To contend your first point, we are leaving out one major issue here, without which I would have to agree with you: people aren't born vegetarian/vegan, but they are born homosexual and can't help it. As such, the state MUST defend the rights of same-sex couples in this area, since these businesses are discriminating against them for the customers' natures. This is akin to not serving black people or Hispanics because of their race - their race is not something they can help. [Just as an aside, I included my challenge of P1 in my other arguments, as I felt the challenges also covered that point]
You tell me that I strengthen your argument when I say it is economically irrational not to serve same-sex couples because the business owners will refer them to another business.
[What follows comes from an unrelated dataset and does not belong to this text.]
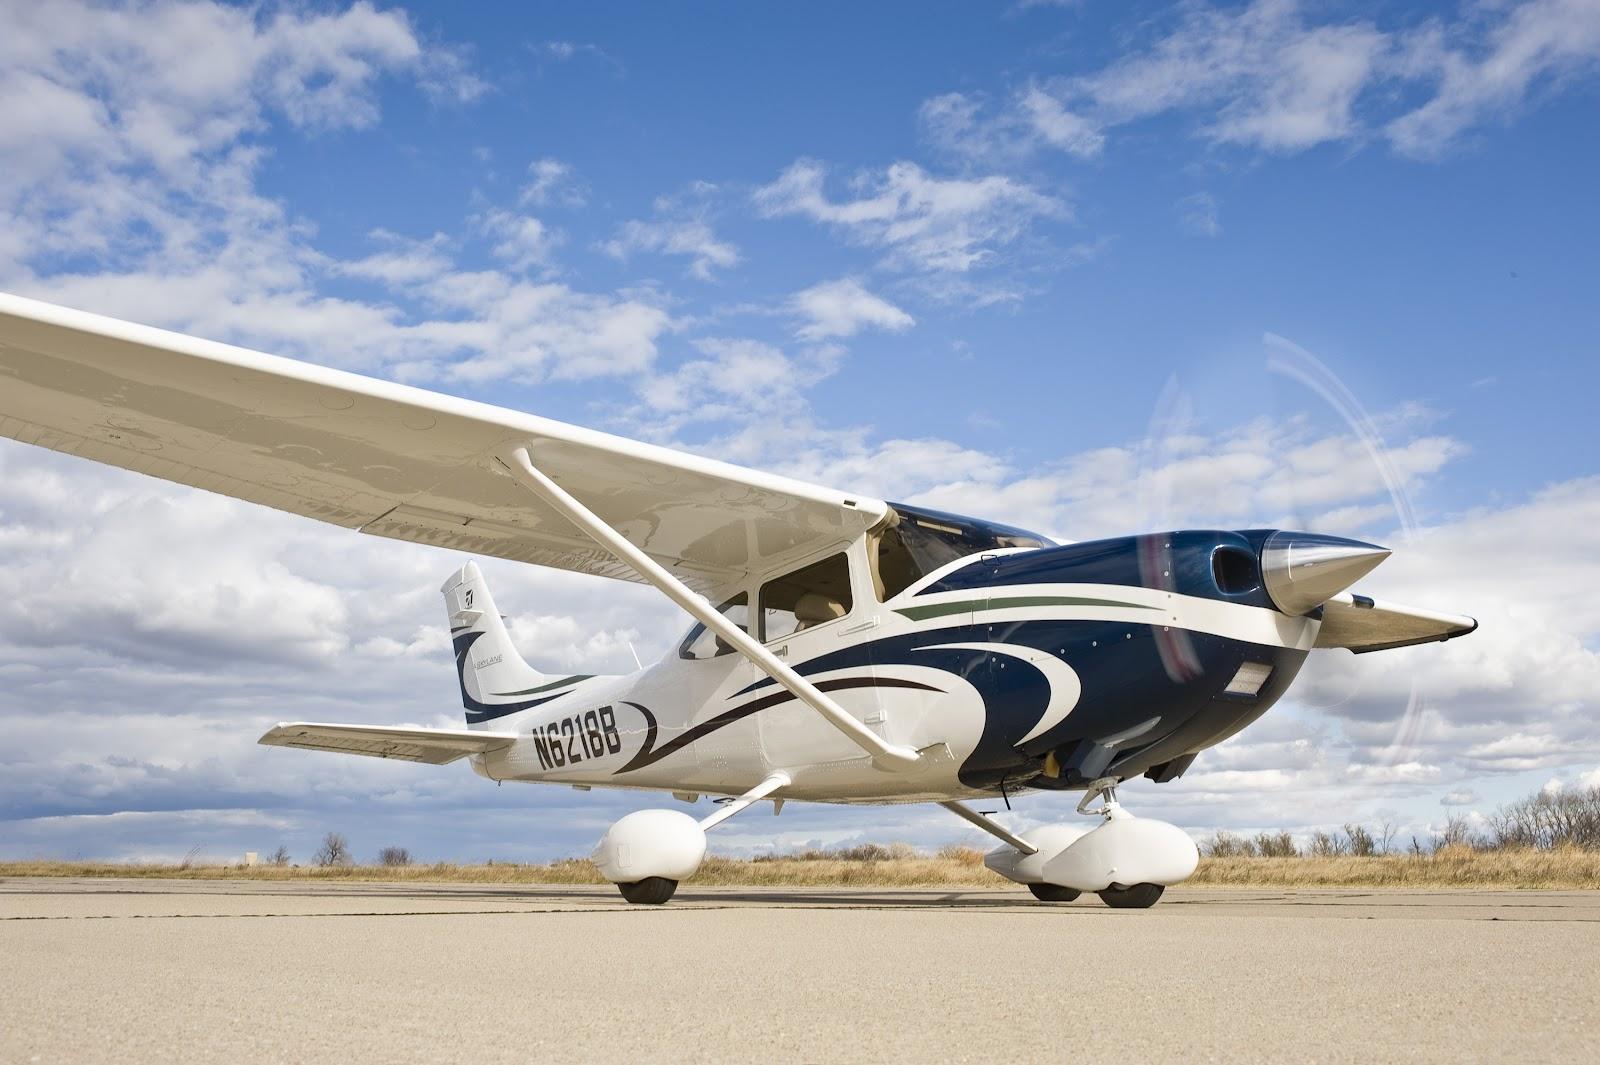 Cessna 182 The Skylane Aircraft Wallpaper 2321 Aeronefnet

Well for this we have to assume that the business owner isn't actually against same-sex marriage, and therefore won't even refer them to someone else out of personal disapproval. But even aside from that, your argument here falls short. According to you, the same-sex couple will get served anyway if they are referred elsewhere, and therefore the economy isn't losing out as a whole because they are still going to end up paying for a ceremony. Therefore it is not economically irrational for anyone except the business who turned them away.
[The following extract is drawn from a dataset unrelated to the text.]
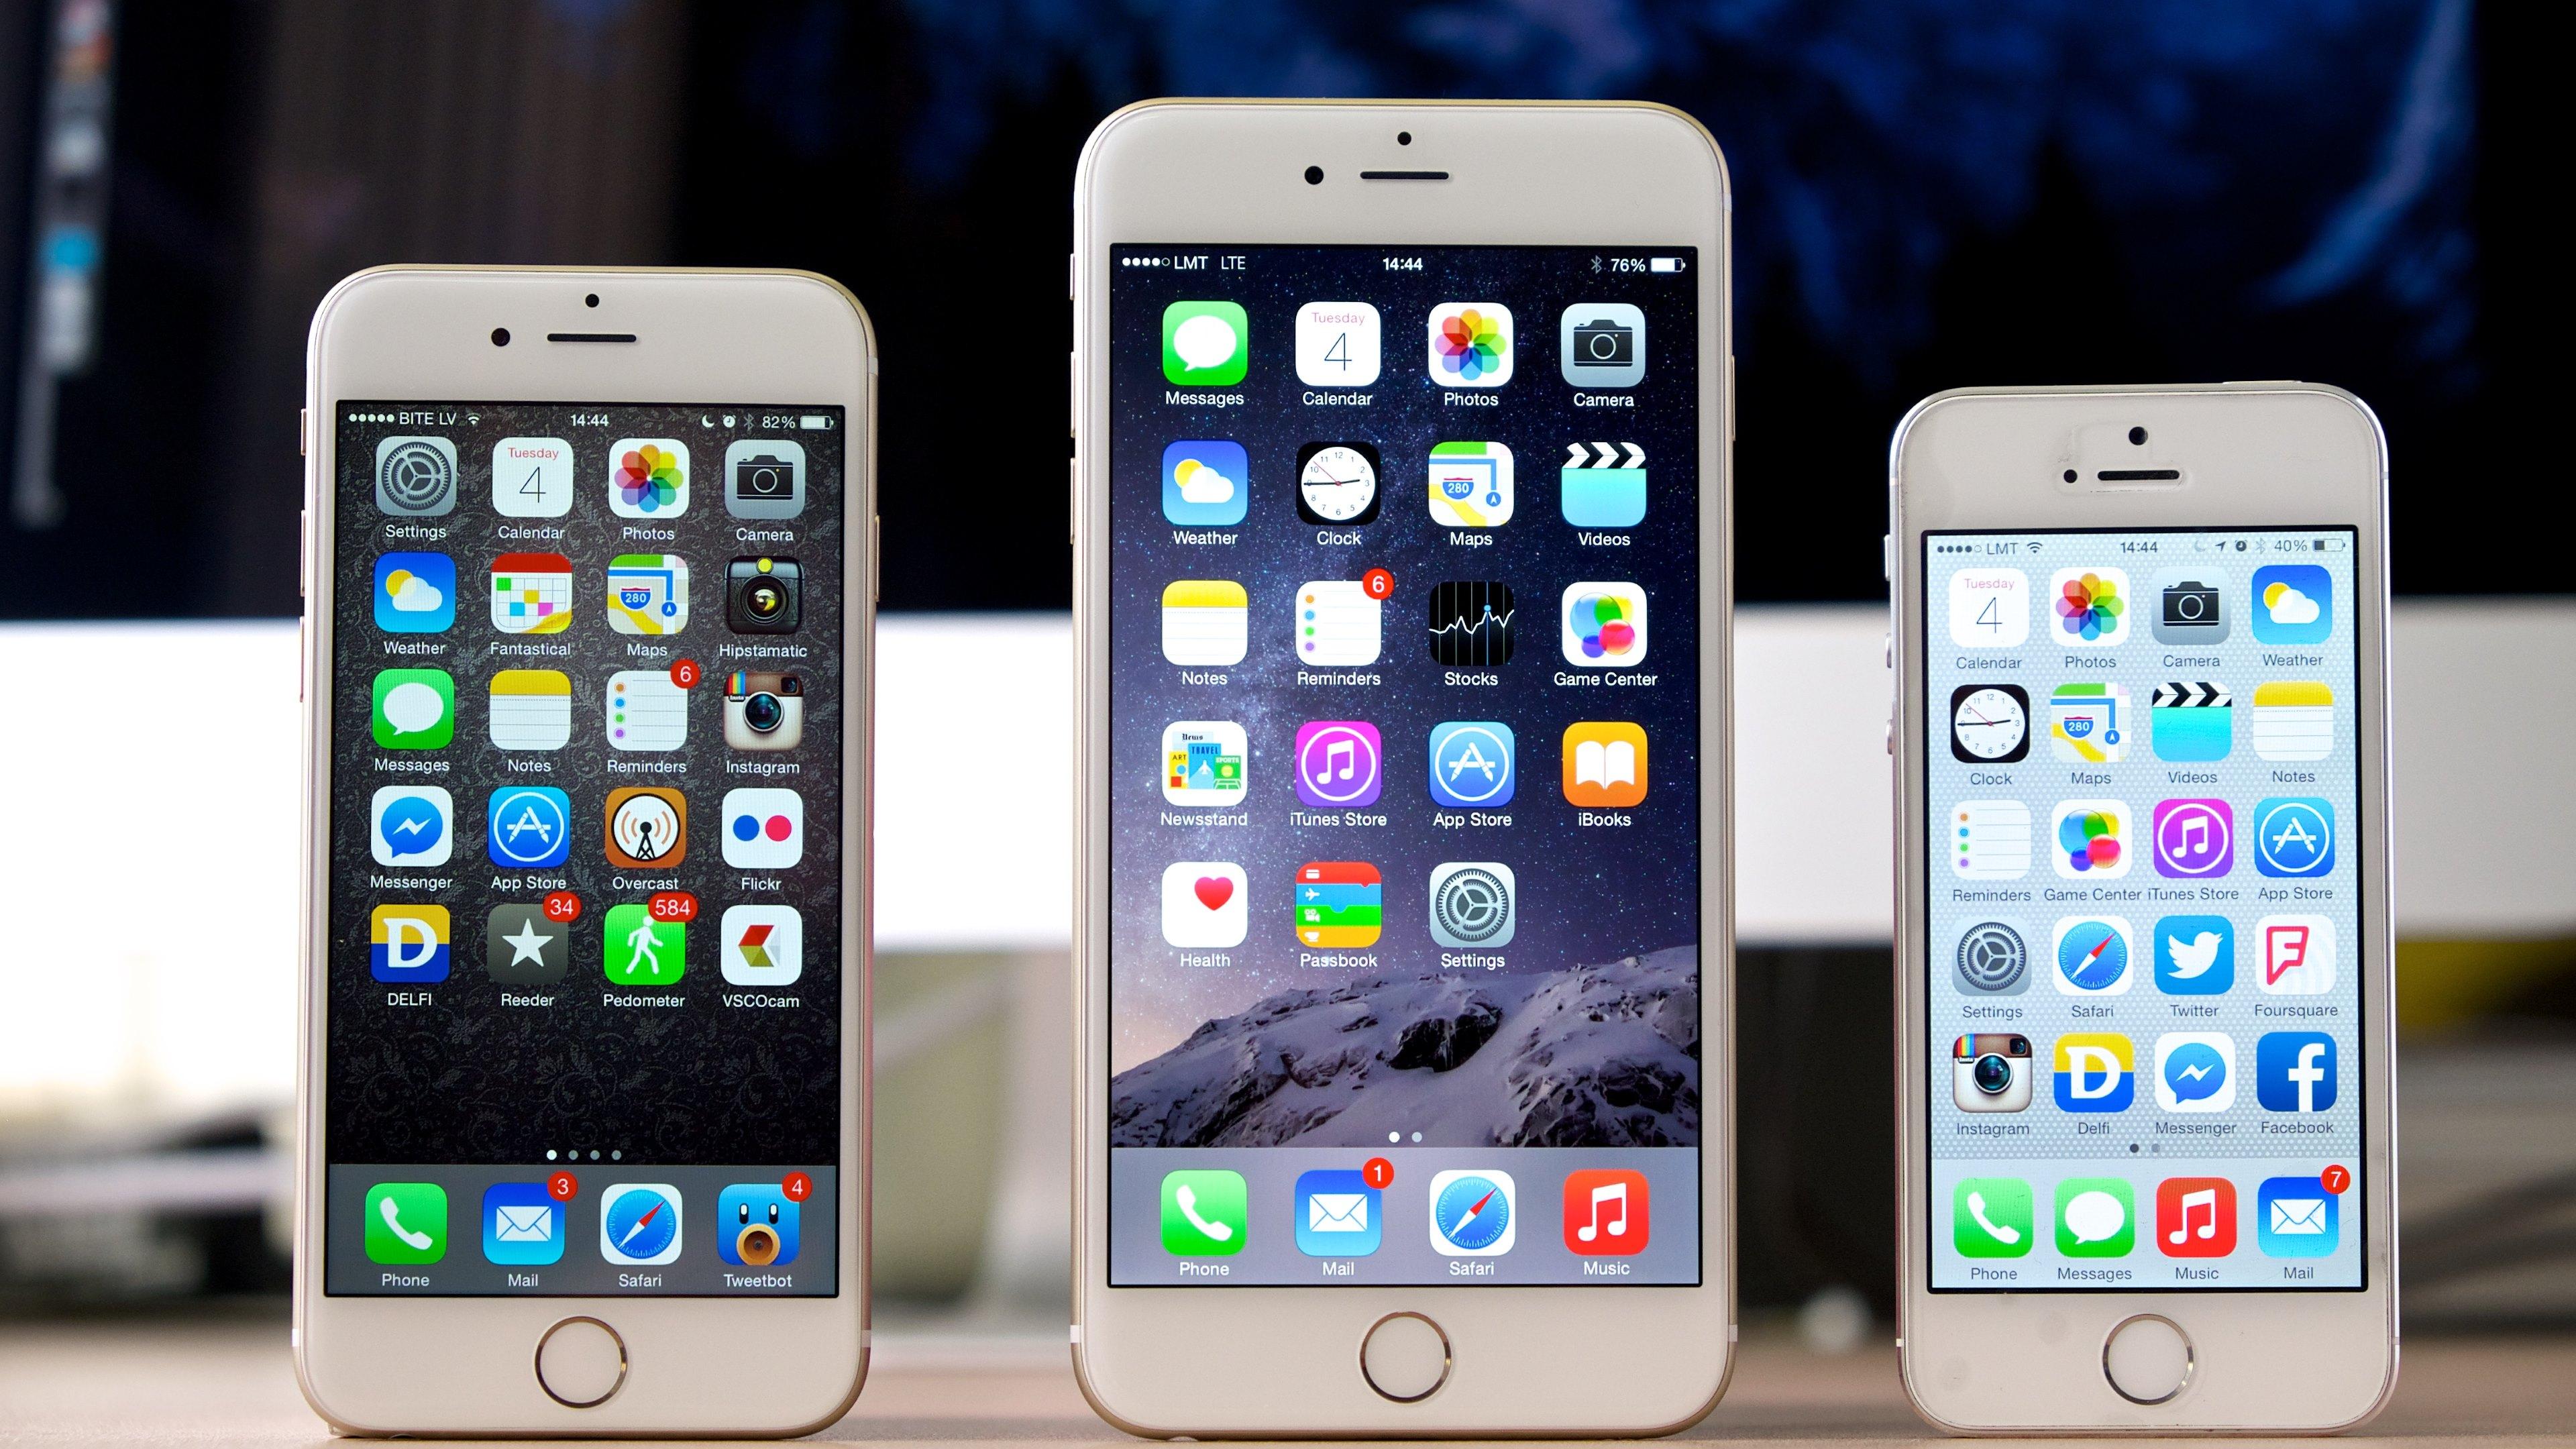 iPhone 6 vs iPhone 6 Plus vs iPhone 5S   Wallpaper 3840x2160

I need not make this conclusion long, because I feel it is fairly clear that same-sex marriage is not economically irrational, but rather the opposite. How could a new market opening for businesses be construed as irrational in economic terms? If we look at this argument solely with regards to rationality, then my argument stands, because there can be nothing more economically irrational than not serving your customers. However, while do agree to a certain extent with some of my opponent's arguments, this is only when I completely put aside how unacceptable it would be not to serve same-sex couples based on their sexuality, and the business owners' religion. By my opponent's argument and belief in liberalism, it should follow that he believes fundamentalist Muslims should be able to kill "infidel" and force women in the USA and Western world to wear burkas and hijabs because not doing so would be a violation of their conscience. Would my opponent agree that a Muslim business owner can refuse a Jew or Christian service, because they don't agree with their beliefs or lifestyle? I'm sorry, but that just isn't how liberalism works. We live in a secular society, where religious beliefs come after human nature and basic human and civil rights.
There is no protection within the Constitution of the rights of religious people to refuse service to same-sex couples. The First Amendment states "Congress shall make no law respecting an establishment of religion" - the USA is an inherently secular society. This clause in the Constitution guarantees the separation of Church and State, in my belief, for reasons such as this - not same-sex marriage specifically, but rather to strike down religion when human rights come into conflict with religion. Instead, refusing service to the LGBT community is in abridgement of the Fifth Amendment.
So to conclude, aside from being against political liberalism, basic freedom of expression and speech and just generally discriminatory and homophobic, it is undoubtedly economically irrational to refuse service to same-sex couples for the reasons I have argued above. There is nothing rational about rejecting a bigger market as a business owner, which will result in more money going into the economy. It's really that simple.